In spite of Brazil’s natural resources, Portugal didn’t seem very excited about it because they didn’t want to make big investments to exploit the hidden treasures. It was easier to sail to India for their spices, precious stones, and luxurious artifacts. So between 1502 and 1512, the Portuguese crown leased their claim to Brazil to a Lisbon merchant group for commercial exploitation.
The first thing this group started harvesting was a red wood which Brazil had plenty of. This wood produced a deep red dye which was already in demand by the European cloth industry and was previously imported from India at high prices. Now, Brazil would be the provider at much cheaper prices.
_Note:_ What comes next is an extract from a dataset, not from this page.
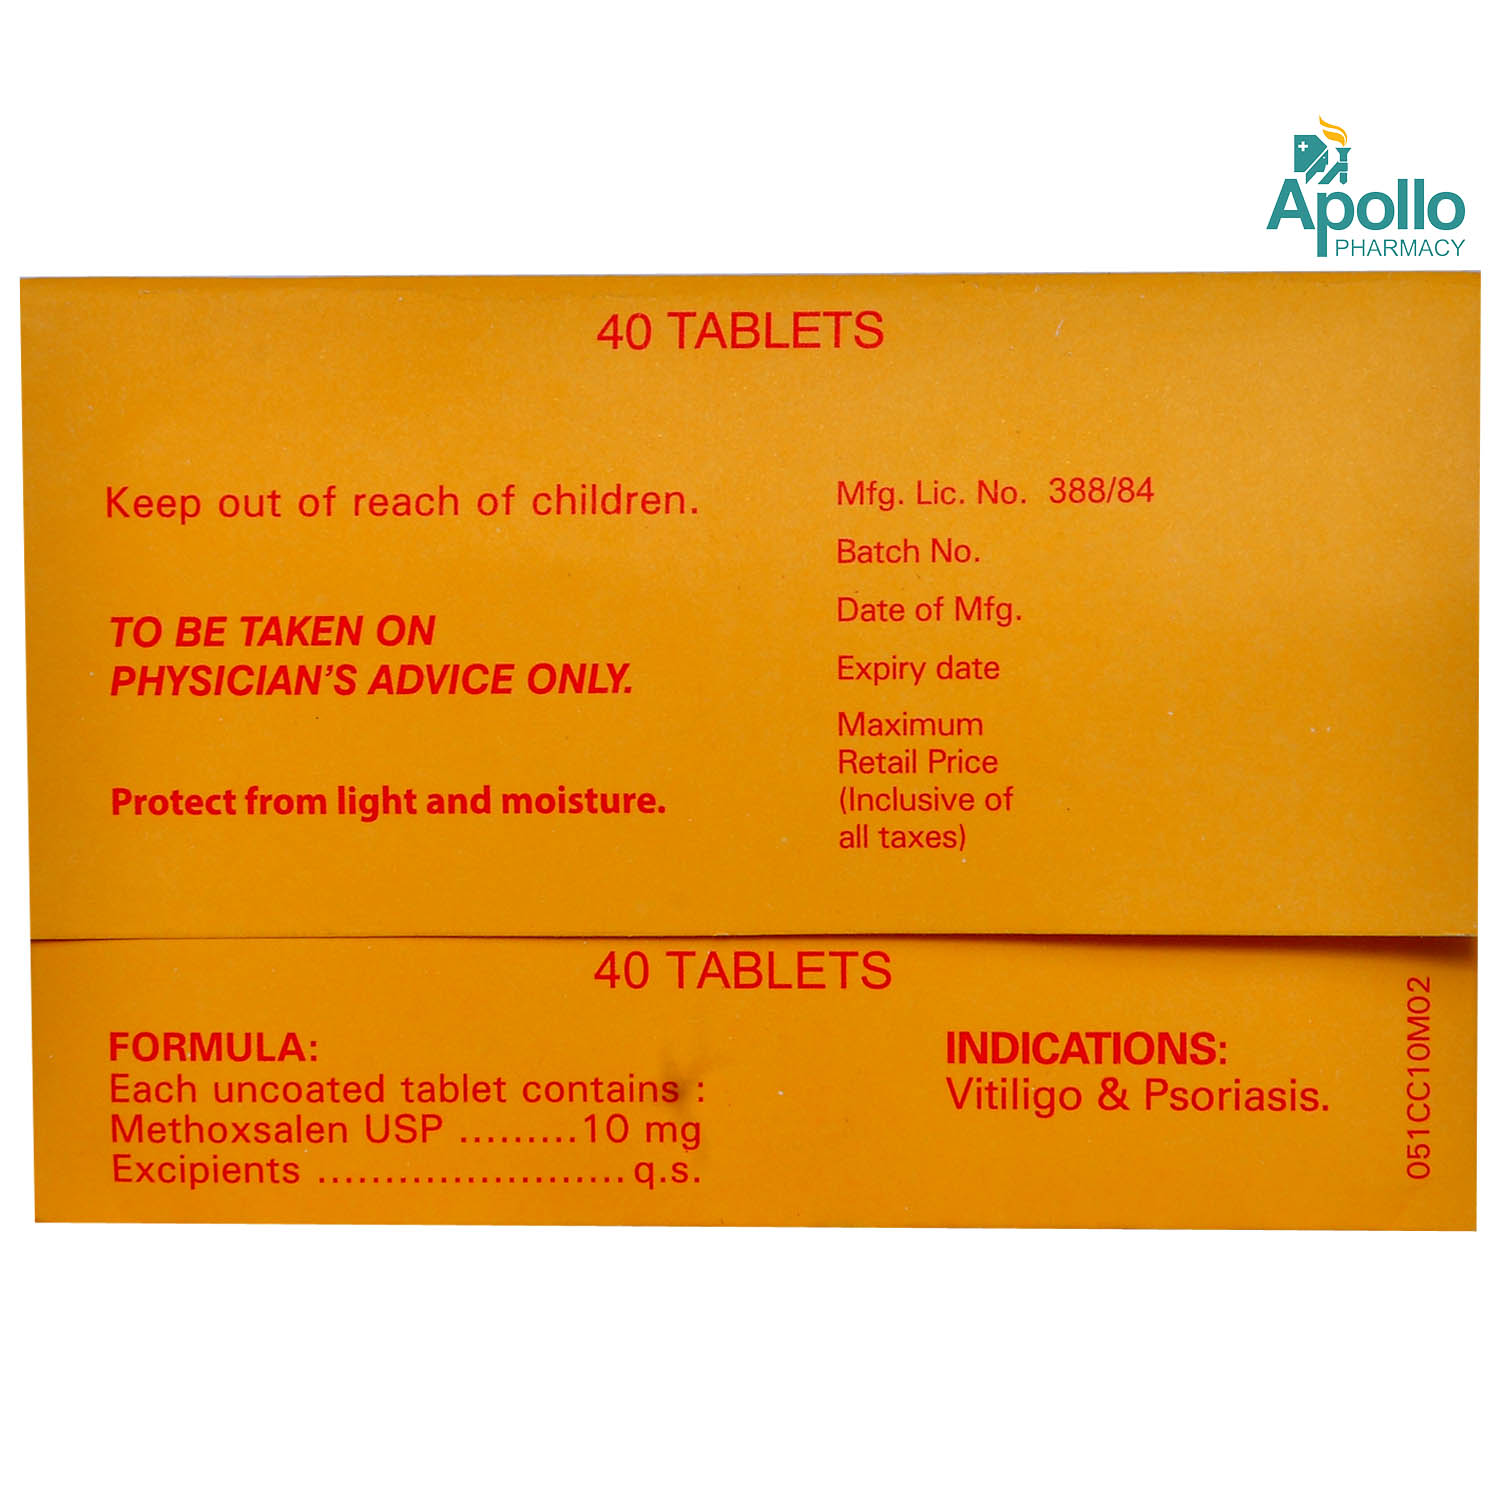 Melanocyl Tablet 40's, Pack of 40 TABLETS
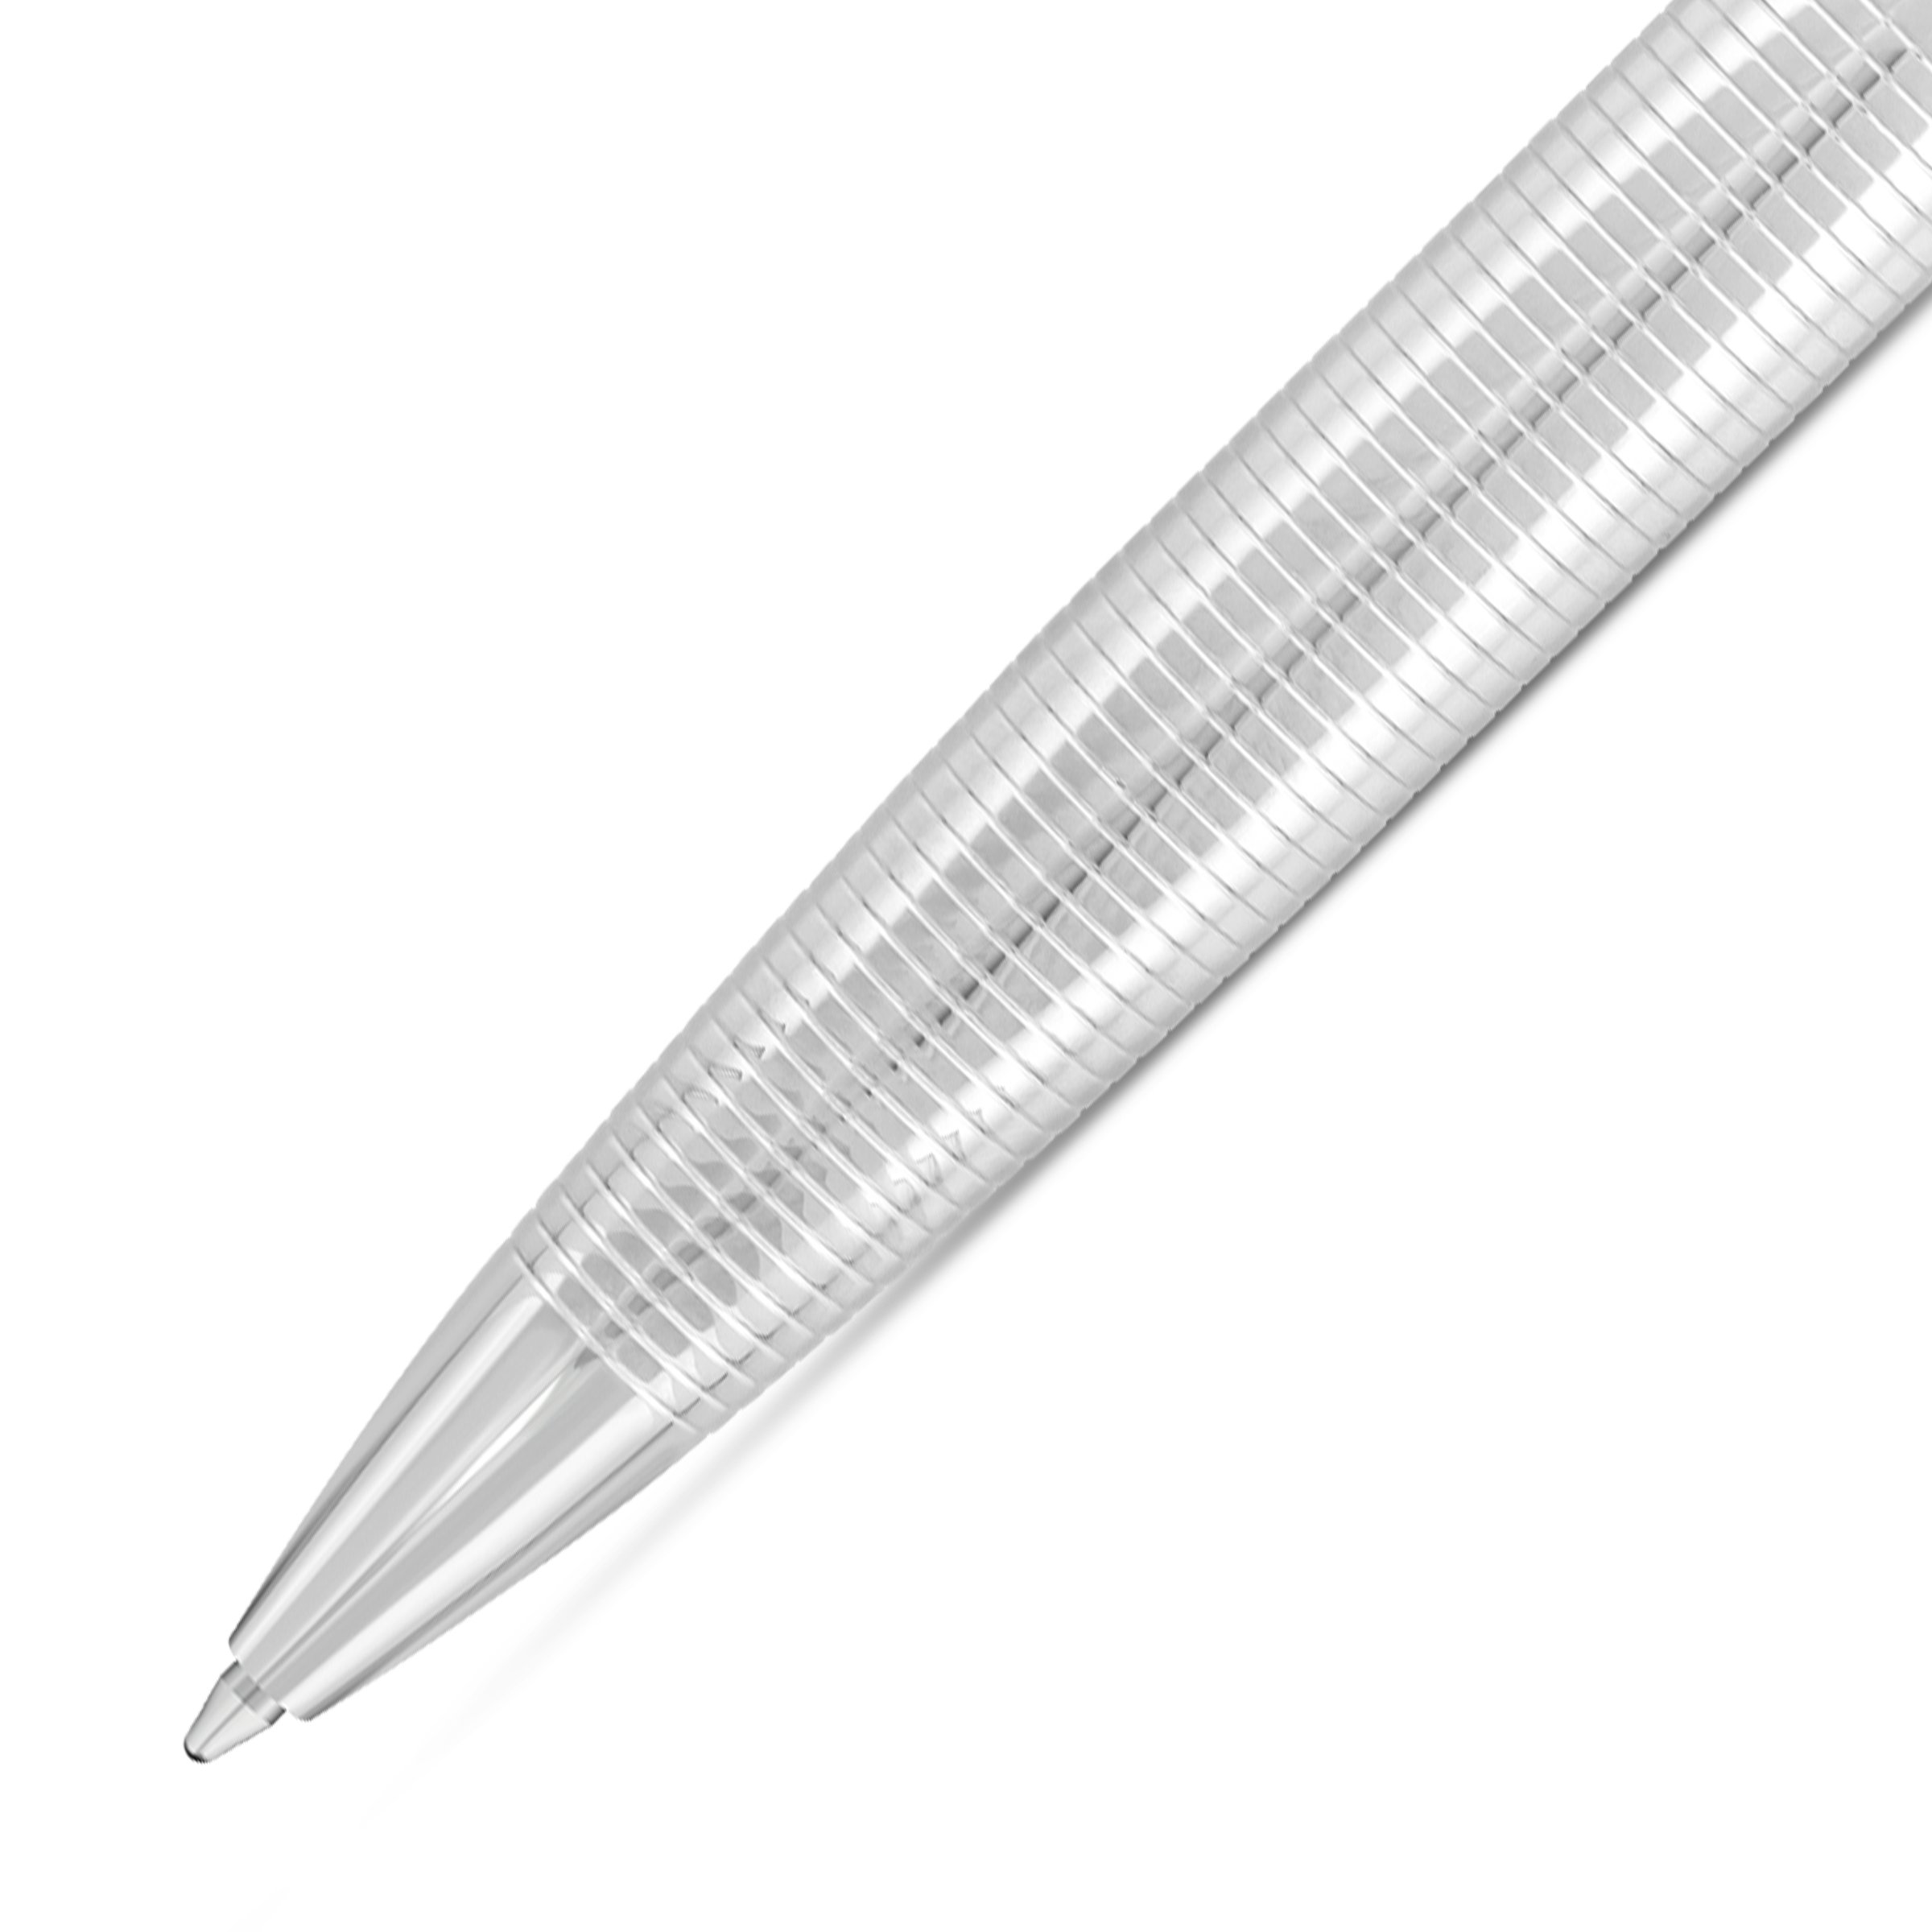 POLICE - Takota Pen For Men Black & Silver Color - PERGR0001401 2

At the exploration period, whenever a country discovered a new land, they claimed it and moved in. But as Portugal took three decades to do that, Brazil had many visitors from different lands including Spain, France, and Holland. And the French harvested a lot of dyewood illegally.
This tree was called pau-brasil (brazilwood). As the wood was coming to Europe in great quantities, people started referring to the new land as the land of Brazil. Later, it became just Brazil.
Unfortunately, the extreme redwood harvest which was done both legally and illegally brought it close to extinction.